Y no solo es más urgente, es también más importante. ¿Por qué? Porque el paisaje de la huerta es mucho más diverso que el paisaje mejor conservado que se pueda encontrar en el viñedo riojano; porque el saber de los hortelanos es más y más rico en matices que el saber de los viticultores; porque el material genético que se esta perdiendo en frutas y hortalizas es más y más importante que todas las variedades minoritarias de vid en las que tanto se invierte; porque con quinientos metros cuadrados de huerta puede comer fruta, verdura y legumbre una familia durante un año y con una peonada de cepas, una botella de vino al día, no vive nadie; porque los productos de la huerta son mucho más saludables que todo el resveratrol del vino tinto; porque la cocina de la huerta es anterior a toda la parafernalia de la cata; porque en esta región se puso en marcha la primera fábrica de conservas de España, antes de que se construyeran las bodegas centenarias del barrio de la estación; y porque esta región en general y su agricultura en particular tiene una deuda contraída con el sector hortícola, ya que si no hubiera sido por el espárrago, el champiñón, el tomate, el pimiento, las capotas de Alfaro y las coliflores de Calahorra ya me dirán cómo se hubiera aguantado aquellos años en los que por cada kilo de uva vendimiado se perdía una peseta. Las tierras bajas deben mucho a las hortalizas, aunque a algunos se les haya olvidado y ebrios de futuro hayan incluso preferido poner en sus etiquetas Rioja oriental. Por si acaso.

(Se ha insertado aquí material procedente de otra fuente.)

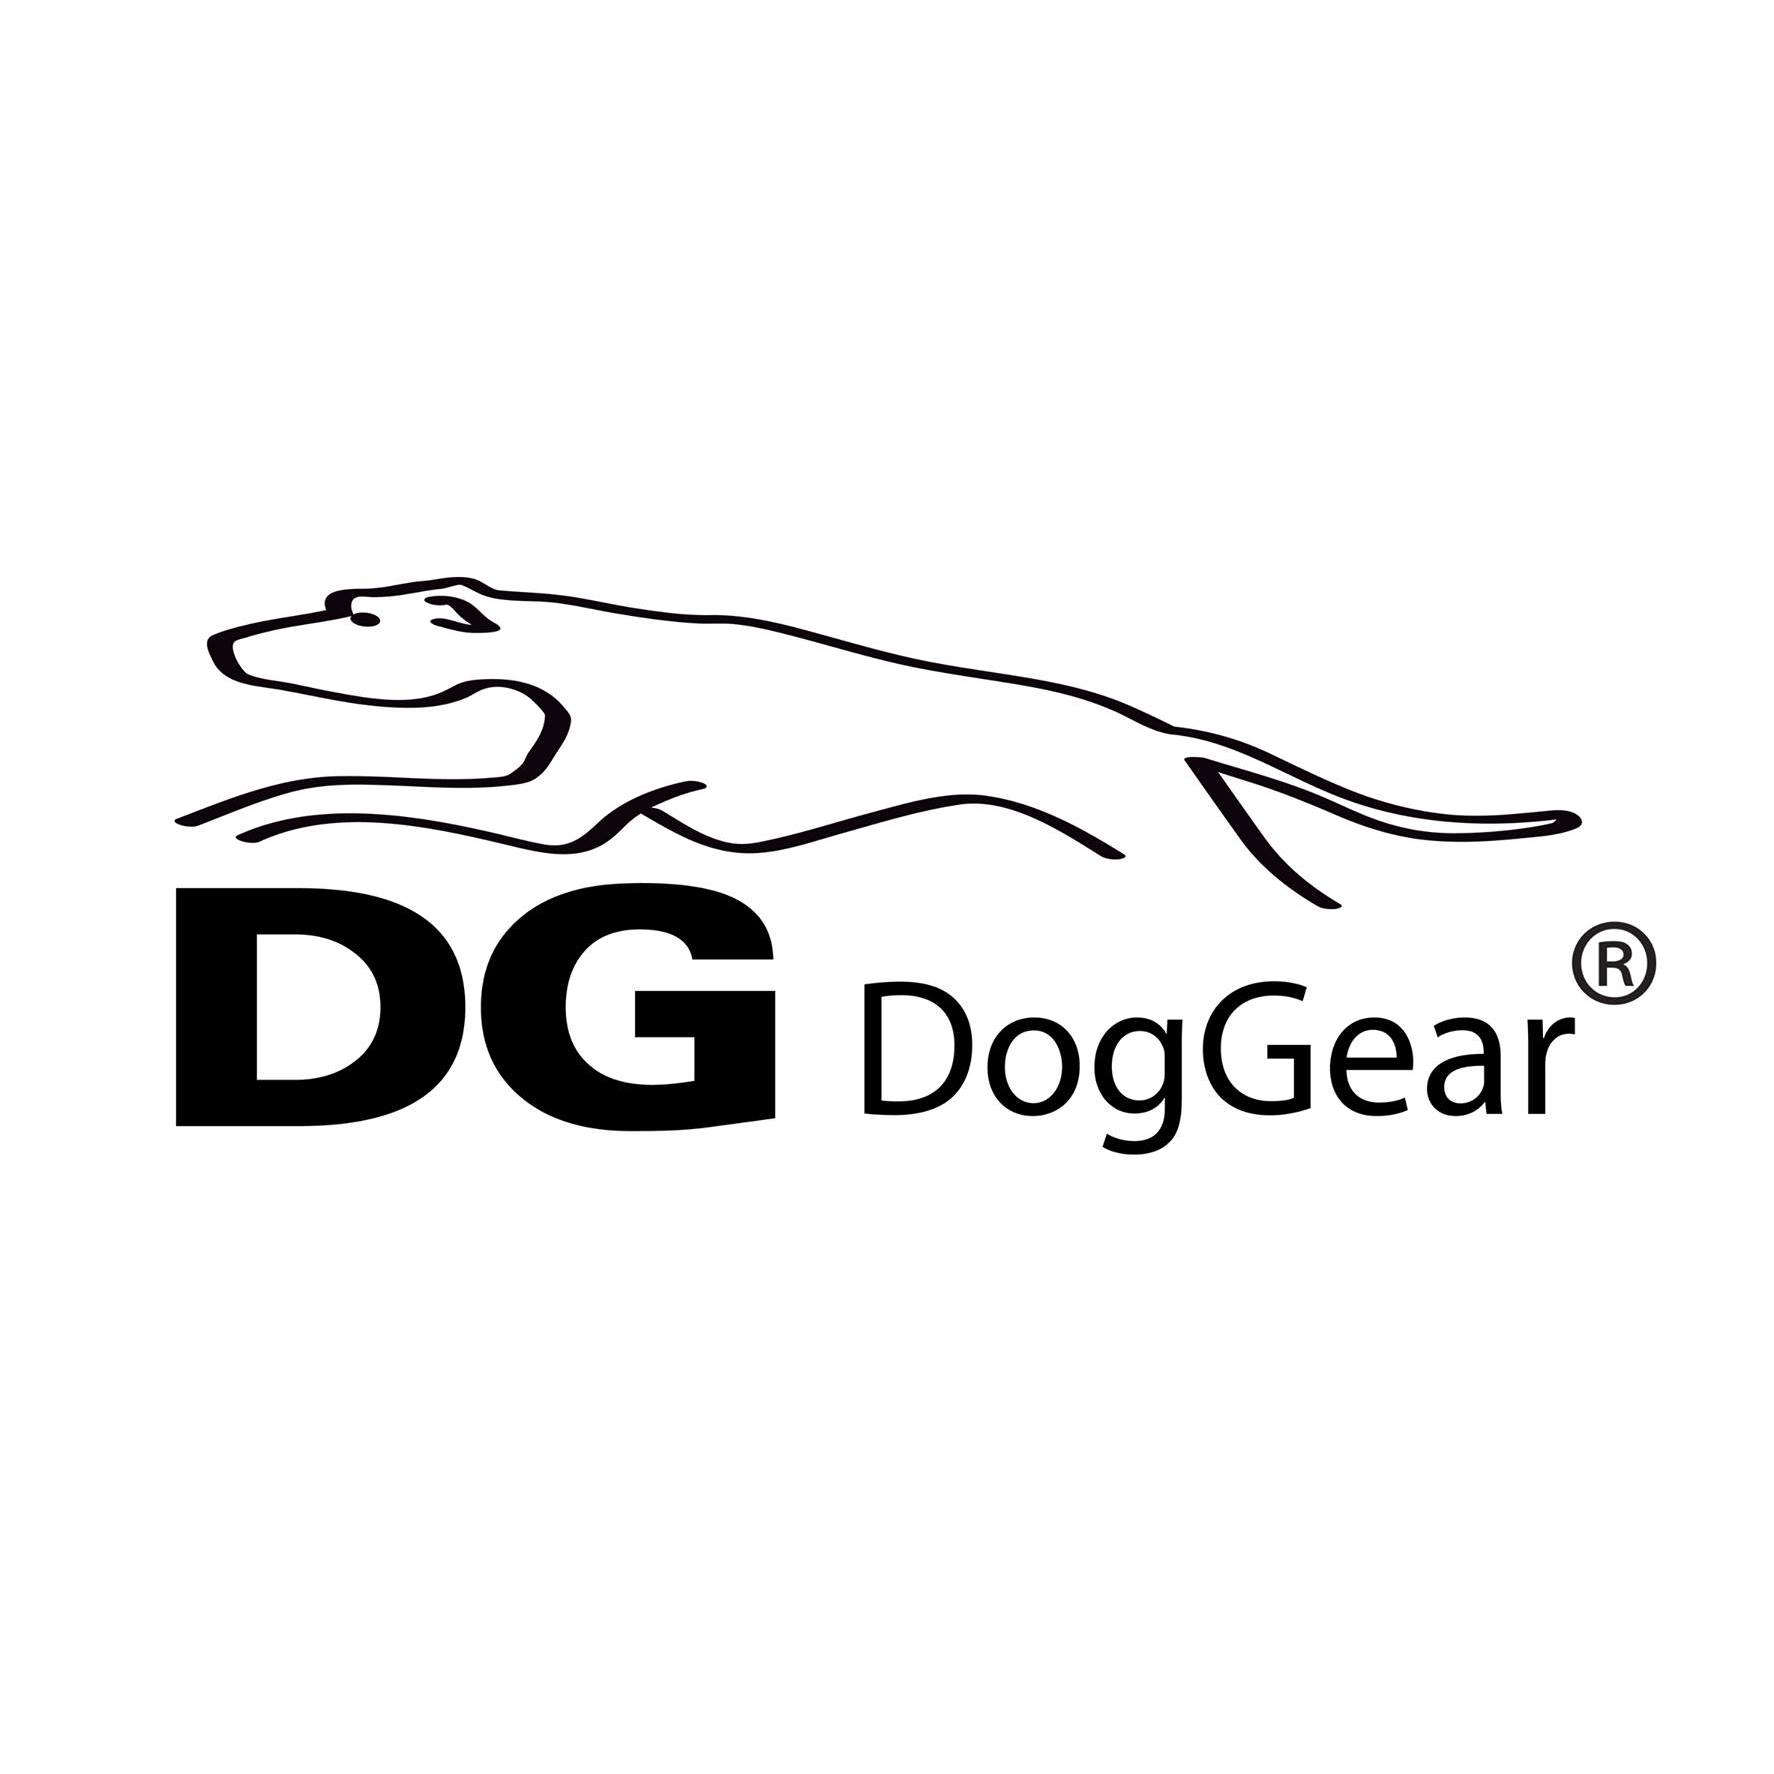 DG dog gear logo

Hay que recuperar las huertas para la despensa si ya no es posible hacerlo para el mercado. Hay que conservar todo el material genético que se esta perdiendo y hay que abrir las huertas a los chavales para mostrarles que otra forma de alimentarse es posible. En Alcanadre empezamos la tarea el verano pasado organizando una jornada de huertas abiertas (lo puede leer en el número 60 de la revista Piedra de Rayo) para animar a quienes nos acompañaron a hacerse hortelanos.

Puede usted, sin gran esfuerzo, hacer su huerta, y disfrutar de alimentos sanos, sabrosos y baratos, porque ¿a cuánto cotiza el metro cuadrado de paisaje de huerta, un rato de satisfacción, lo que se disfruta al plantar, al desnietar los tomates, al cogerlos, al comerlos, al regalarlos...? Es barato, muy barato.

Hay mucho tajo y no espero ayuda de nadie. Ni de las administraciones, ni de los agricultores, ni de sus organizaciones. La huerta da satisfacción pero no da ni dinero, ni votos. Los hortelanos son pocos, gastan poco, reutilizan todo, viven pobre..., pero son elegantes.